ICICI Bank reported a soft quarter with no clarity on the asset quality ‘rabbit hole’ contrary to street’s expectation of things getting better. Outside watchlist (WL) slippage were high. No material information was offered on stress outside WL & credit cost guidance. Maintain Hold. Prefer Axis Bank in the private corporate banks. The total net stressed assets including drill-down exposures declined to 10.28% of net advances vs. 10.52% q-o-q.
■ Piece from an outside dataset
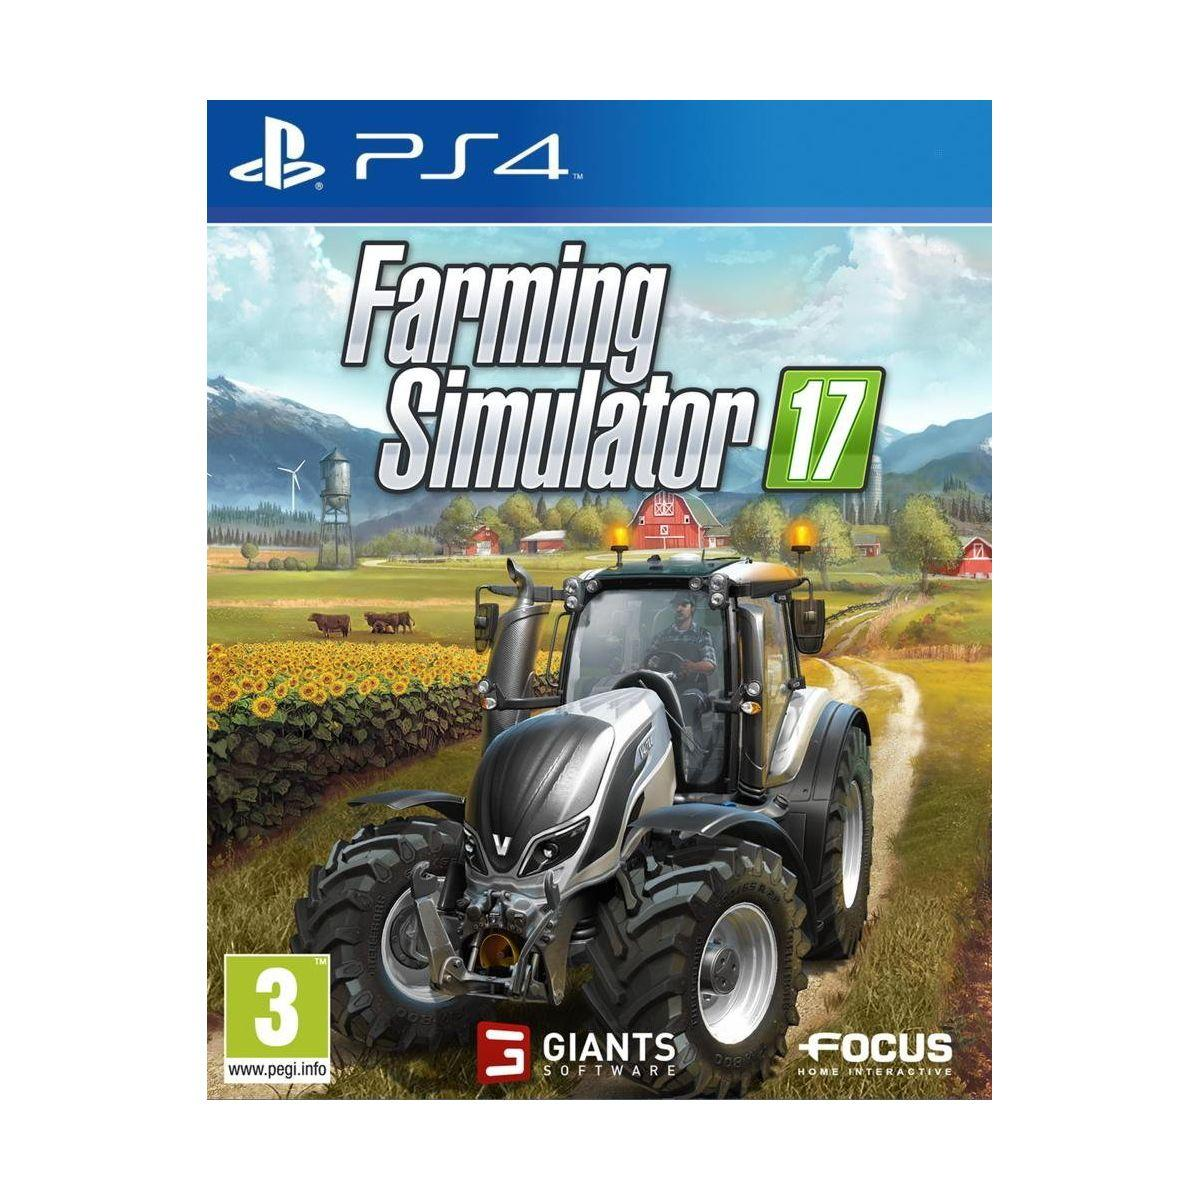 Jeu ps4 focus farming simulator 2017 - 3% de remise immédiate avec le code : multi3 (photo)

PCR improved only marginally to 41.4% q-o-q (vs. 47.1% in Q3FY17) in spite of partial recovery of the large cement account which slipped in Q4FY17 & had taken down the coverage to 40.2%.
Non-watchlist corporate slippage high and not contoured. Rs 49.8 billion slipped in Q1FY18, o/w non-watchlist corporate slippages spiked to Rs 21.2 billion vs. an average run-rate of Rs 14.6 billion in the four prior qarters on account of a chunky slippage. Management indicated possibility of similar large-ticket slippages in 2-3 corporate accounts outside the watchlist during the year, while maintaining that overall slippages will be lower than FY17. Core PPOP was up only 2% y-o-y & was 14% below our estimate. The outlook on NIM though remains challenging, given impact of repricing of existing loans & lower yields on incremental loans. Further, the subsequent quarters may not see the impact of interest on income tax refund, which boosted NIM by ~10bps this quarter.
Management continues to guide for full year NIM to be above 3%. We bake NIMs higher than management guidance in FY18 and moving up in FY19-20E offset by higher costs resulting in core PPOP decline. We expect a significant cleanup/provisioning in FY18 (credit cost at 2%). Thereafter we lower credit costs < 100bp in FY19-20E in line with our top-down view on corporate credit costs. RoE trajectory though remains weak, improving slightly north of 13% by FY20E. Our FY17-20E EPS CAGR is 20%, and adj. BV is 16%. Our SOTP value is Rs 295 – core bank valued at 1.3x adj. book (Jun 18E), life insurance at 3.5x EV, general insurance at 35x trailing P/E, AMC at 5% AuM among the key subsidiaries. Risks: Downside – Lack of clarity on asset quality, NIM weakness and loan growth slowdown. Upside – Asset quality improvement.